Chaman Lal is a British Labour Party politician and former Lord Mayor of Birmingham.

He took the oath for the role of Birmingham Lord Mayor on 23 May 2023.

He is the first person of British Indian origin to be elected for this designation.

==Early life==
Chaman Lal was born in a Ravidassia Sikh family in village Pakhowal in Hoshiarpur district as a son of Sardar Harnam Singh, a British Indian army officer who served in Italy during the Second World War and his mother Sardarni Jai Kaur. His uncle, Sardar Ram Singh was also a British Indian army officer who was killed in the Burma campaign.

==Political life==
He has been a councillor for the ward of Soho & Jewellery Quarter since 1994. He joined the Labour Party in 1989.

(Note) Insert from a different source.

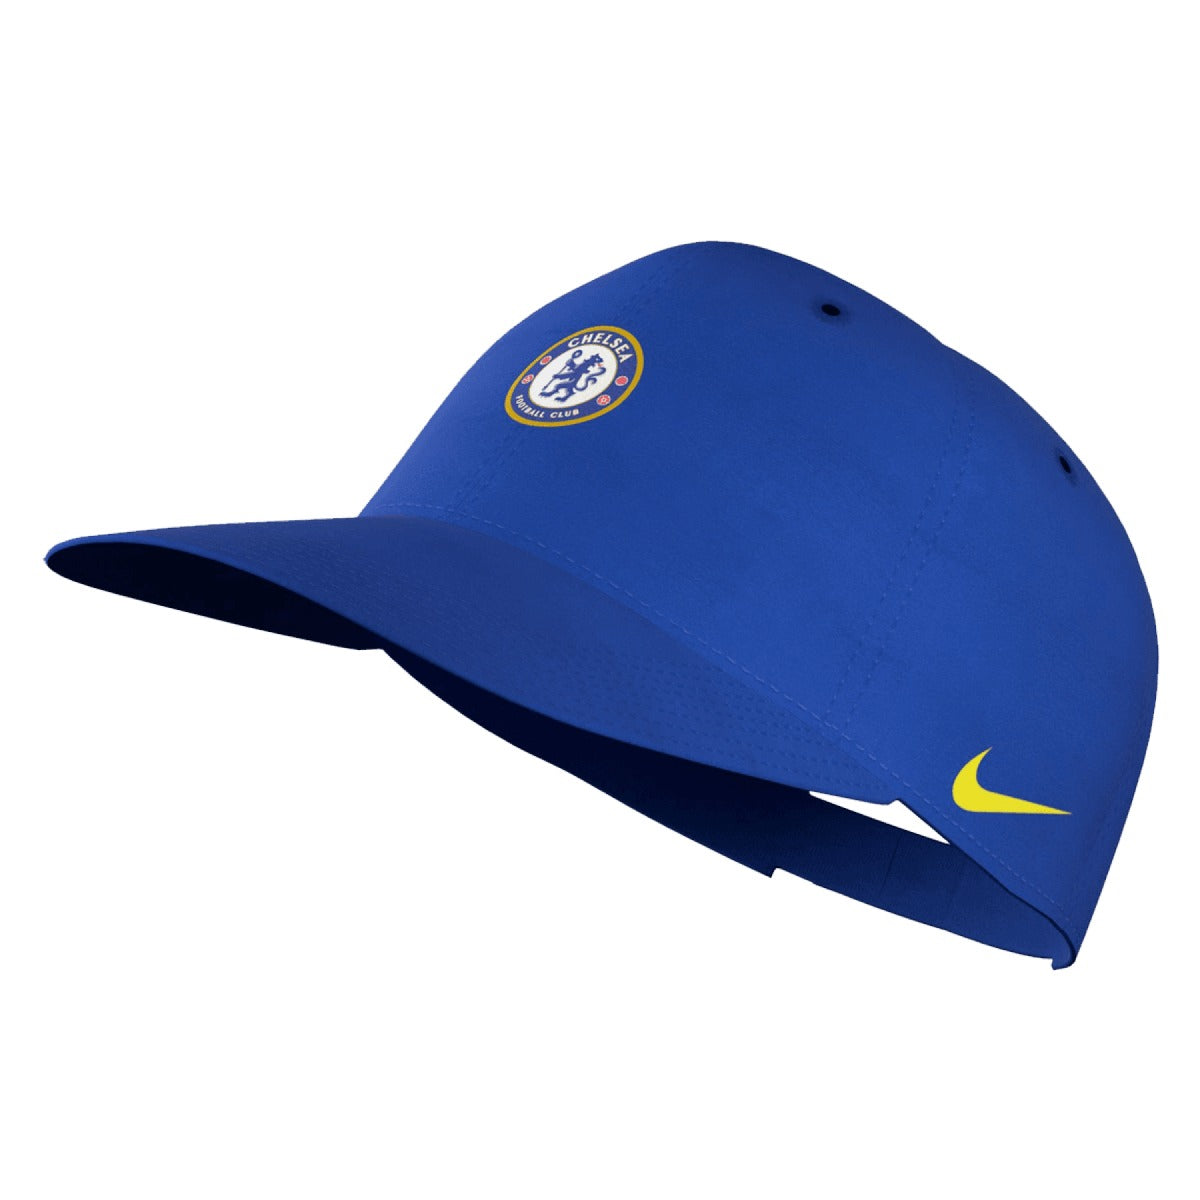 Nike 2021-22 Chelsea H86 Cap - Royal (Diagonal)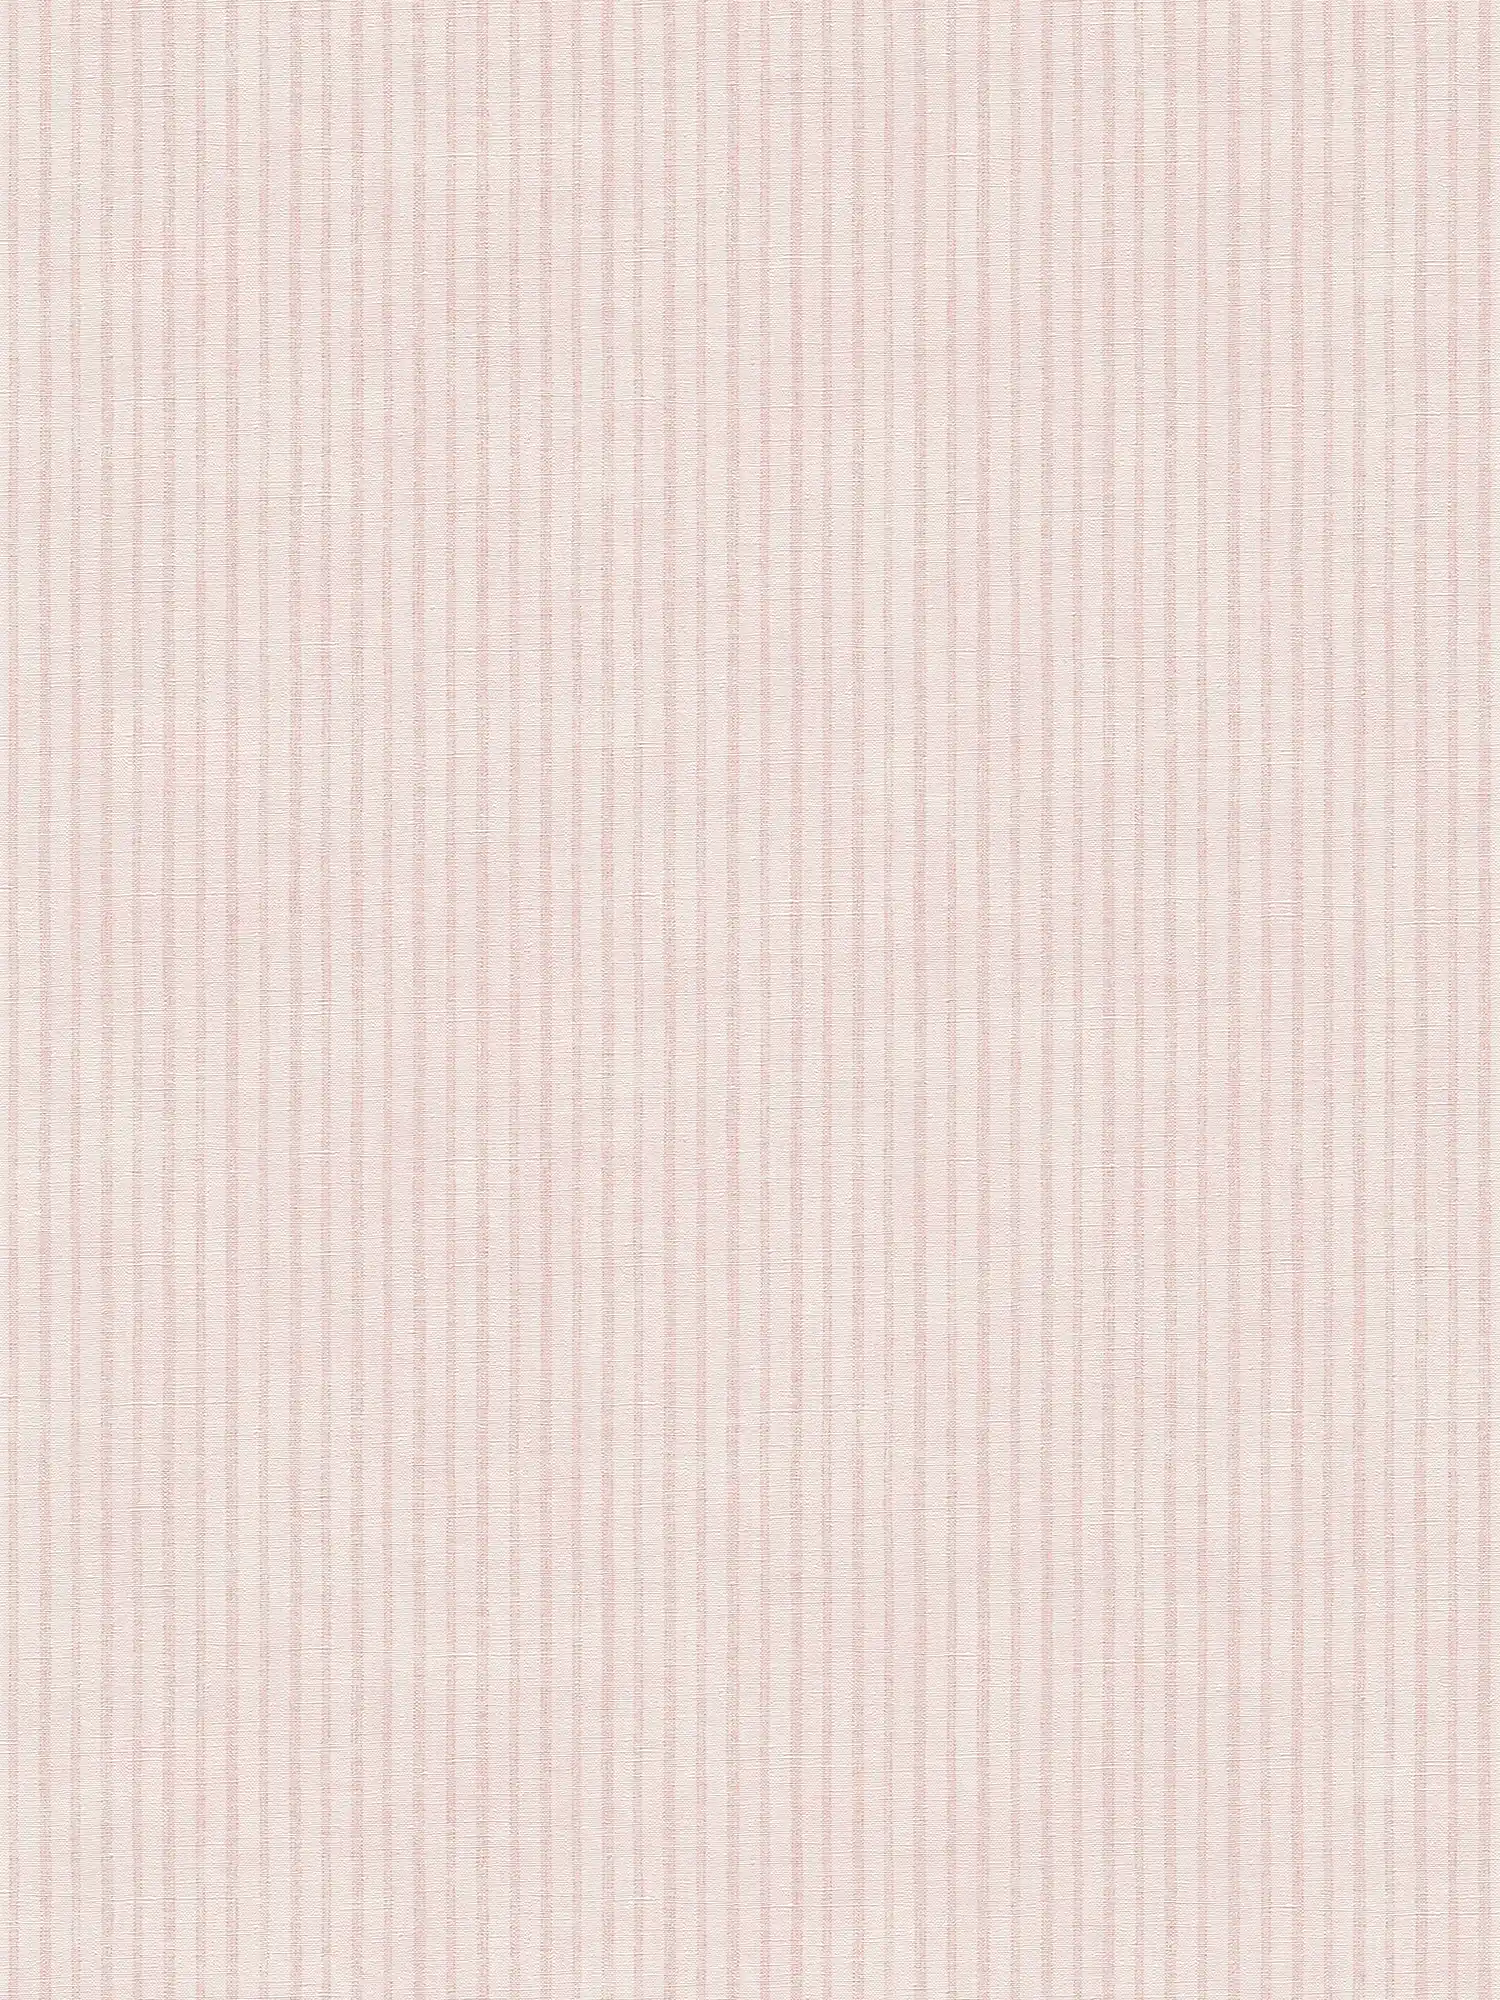 Papier peint à rayures, style maison de campagne - crème, rose

In December 2023, during his time as Lord Mayor of Birmingham, Lal attended the opening of Elec Training, a new electrical training centre in Wolverhampton. He joined the Mayor of Wolverhampton, Councillor Dr. Michael Hardacre, to support local skills development in the region.

In July 2025, Lal was one of many Labour councillors in the city that were axed by the Party and told that they were not allowed to stand again in the next election. In the 2026 Birmingham City Council election, Lal stood as an independent in the Handsworth ward, but was not elected.

==Personal life==
Lal married his wife Vidya in 1971, and they had three daughters and two sons.